= Halohydrin dehalogenase =

Enzyme

A halohydrin dehalogenase is an enzyme involved in the bacterial degradation of vicinal halohydrins. In several species of bacteria, it catalyses the dehalogenation of halohydrins to produce the corresponding epoxides. Different isoforms of the enzyme fall into one of three groups, A, B or C. Halogenases of the same class are genetically similar, but differ greatly from halogenases from a different group. Currently the most well-studied isoform is HheC which is purified from the bacterial species Agrobacterium radiobacter. The ability to dehalogenate organic compounds as well as form enantiomeric selective epoxides have generated interest in the potential of this enzyme in the biochemical field.

==Structure==
Currently of three known classes of halohydrin dehalogenases, only two have been described by x-ray crystallography studies. However, both of these classes have similar structure which can be described as follows(1): a halohydrin dehalogenase is structured as a tetramer with a symmetry characteristic of a dimer of dimers. Each monomeric subunit consists of seven alpha helices and nine beta-sheets. These monomers interact via the two longest alpha helices to form an alpha-helical bundle to form a dimer. The final quaternary structure is formed when two dimers interact via a different set of alpha helices and anti-parallel beta-sheets; interactions between the beta-sheets are thought to be a combination of both hydrophobic and electrostatic attraction.
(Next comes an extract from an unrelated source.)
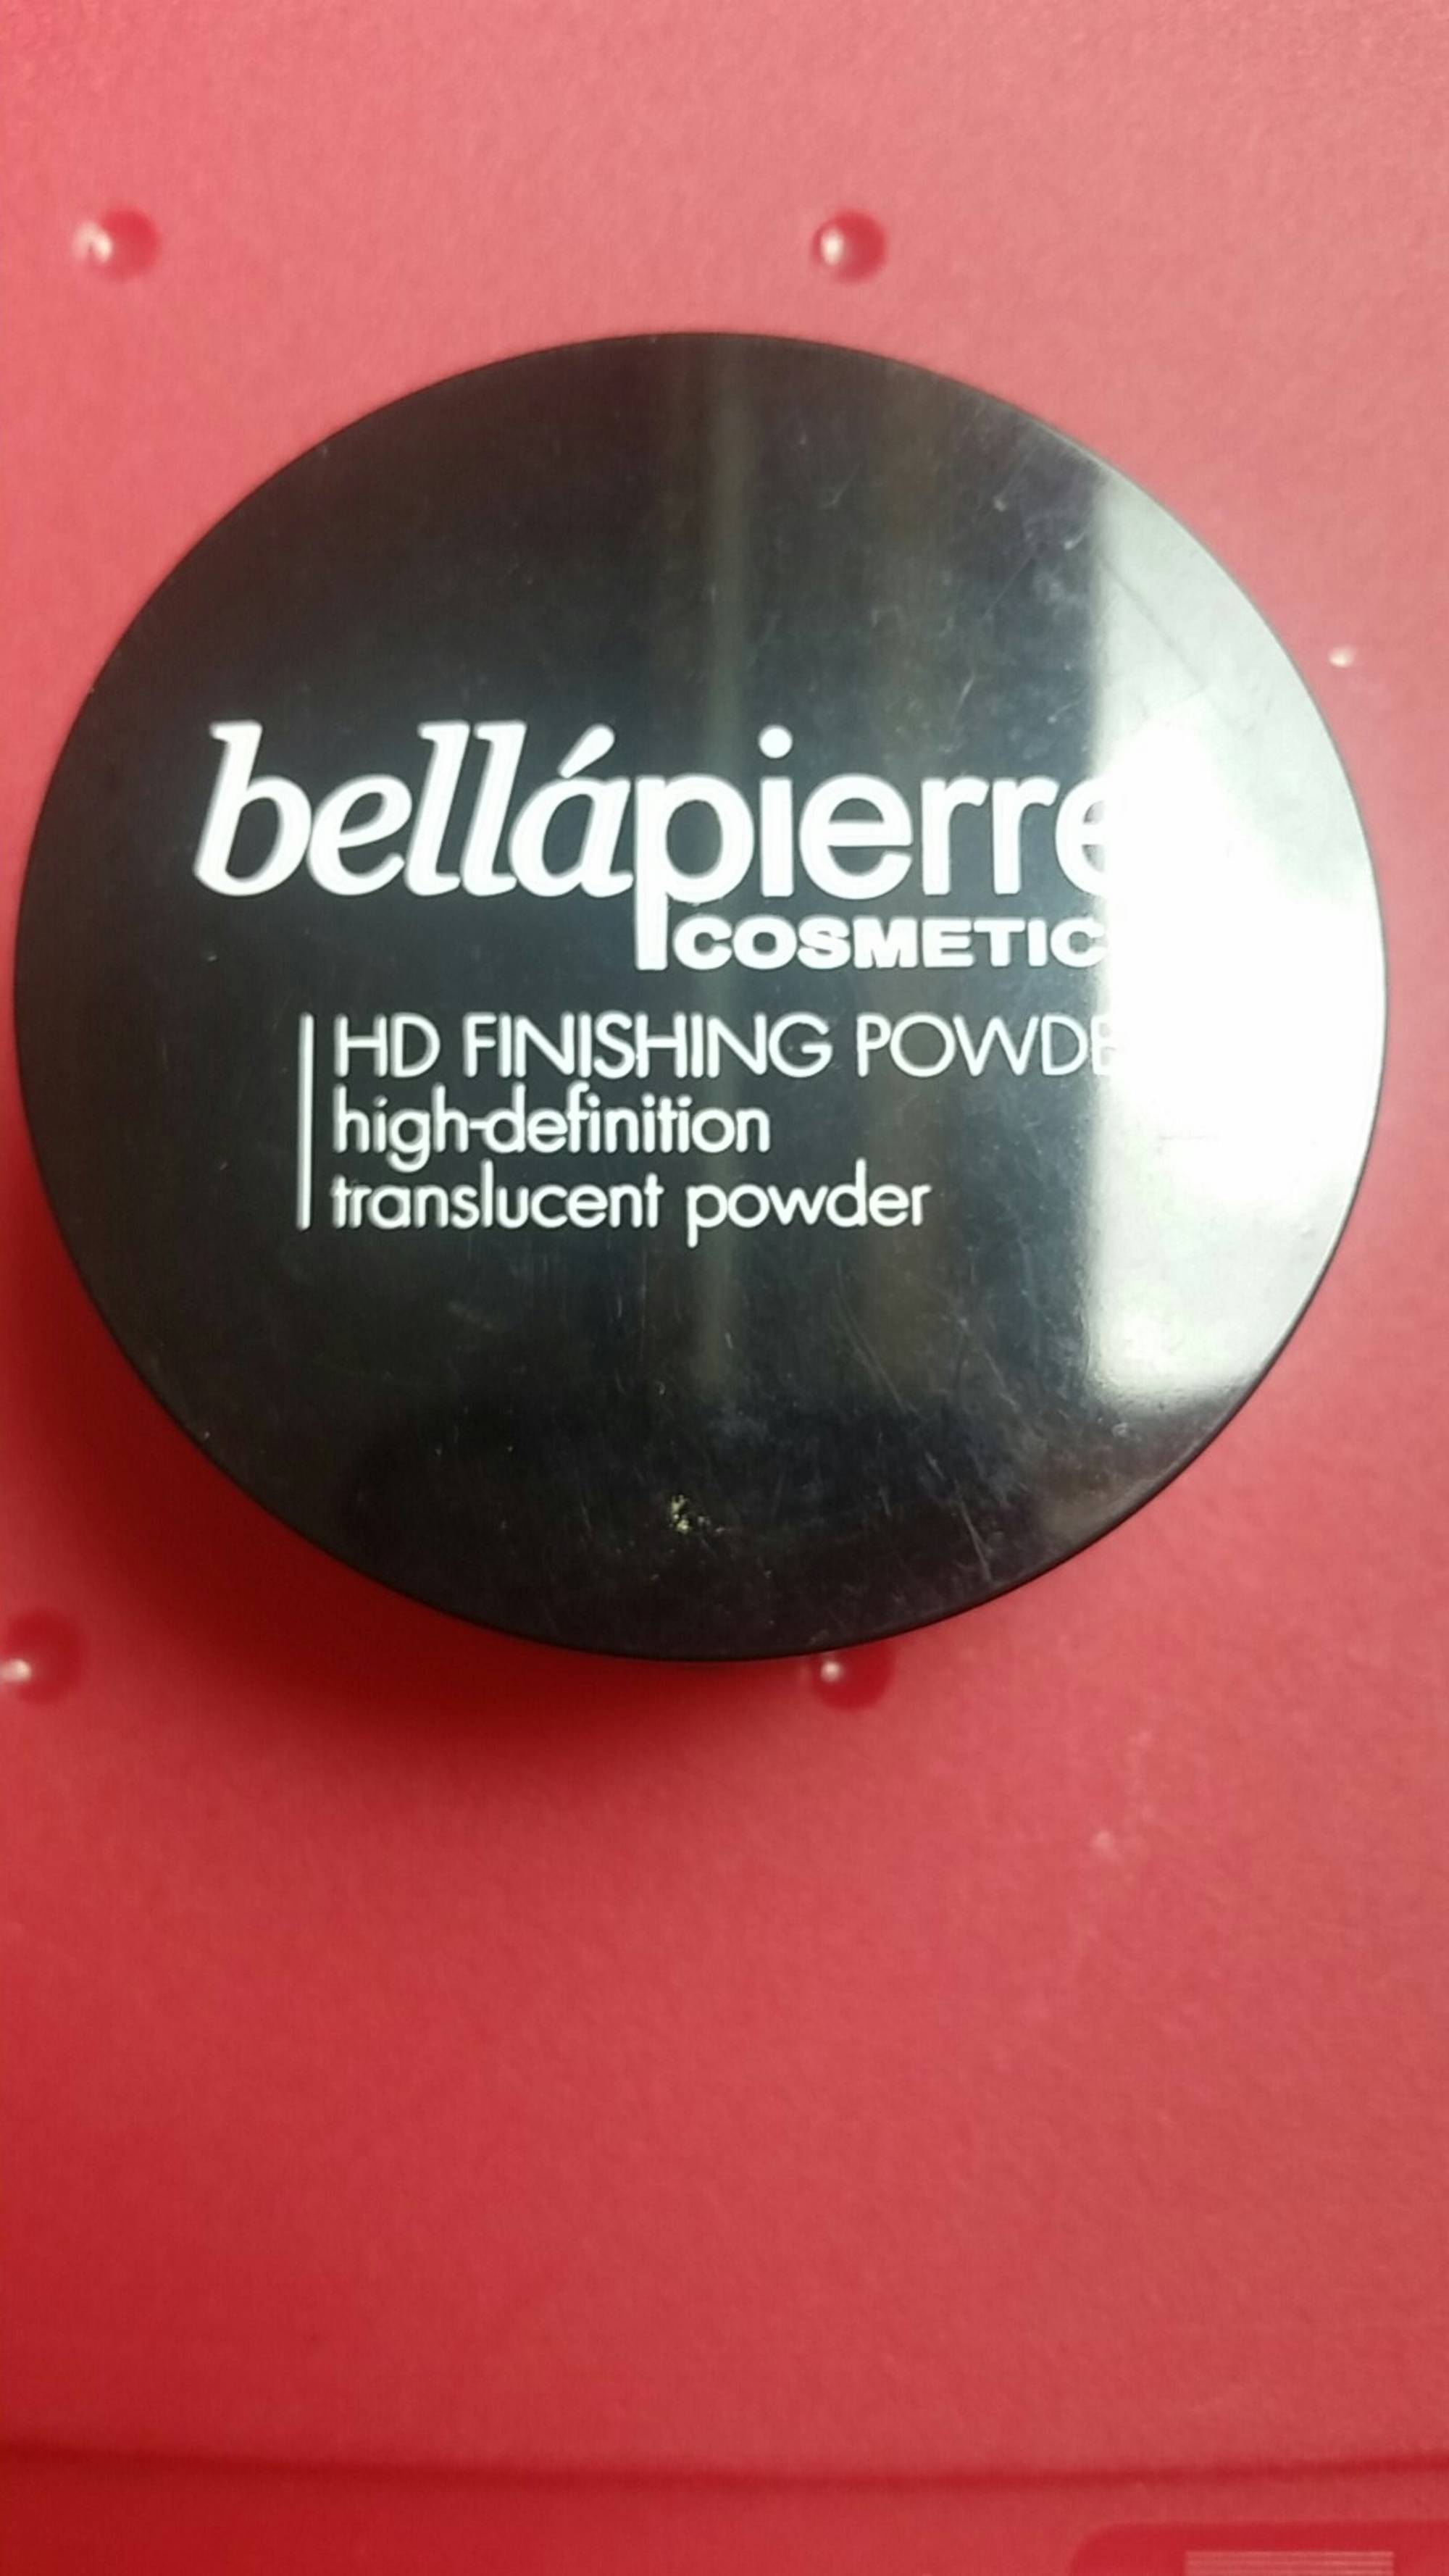 BELLAPIERRE COSMETICS - HD finishing powder

There is approximately one catalytic site per monomer subunit giving a total of four possible catalytic sites on the enzymatic tetramer. The active site consists of a Ser132-Tyr145-Arg149 catalytic triad. The serine and tyrosine residues function to stabilize the substrate and its intermediate, while the arginine alters the pKa of Tyr145 to make it catalytically active.

==Mechanism==
Halohydrin dehalogenases mechanistically cleaves the carbon-halogen bond through the formation of an epoxide from a vicinal hydroxyl group. The substrate binds to the active site through hydrogen bonding that is coordinated by Ser132 and the deprotonated form of Tyr145. Failure to deprotonate Tyr145 by the Arg149 residue results in destabilization of the interaction between the enzyme and substrate resulting in reduced biological activity. The oxygen in Tyr145 deprotonates the hydroxyl group of the substrate. The deprotonated oxygen then acts as a nucleophile and performs a Sn2 reaction on the vicinal carbon that is bonded to the halogen; this releases a halogen ion and simultaneously forms an epoxide. Dehalogenases are also able to catalyze the ring-opening of the epoxide. The active site is large enough to accommodate a nucleophile which can perform a nucleophilic attack on the epoxide, opening the epoxide ring and adding a new functional group to the substrate.

Overall mechanistic action of halohydrin dehalogenases

In regards to the geometry of the product, both class A and B dehalogenases have a low selective preference for the (S)-epoxide isomer. However, the preference for the formation of the (R)-epoxide isomer catalyzed by enzymes in class C, particularly HHeC, is high. One study reports that HHeC catalyzed (R)-epoxide up to 99% enantiomeric excess. However, the technology to purify this enzyme and utilize it on an industrial scale has yet to remain optimized.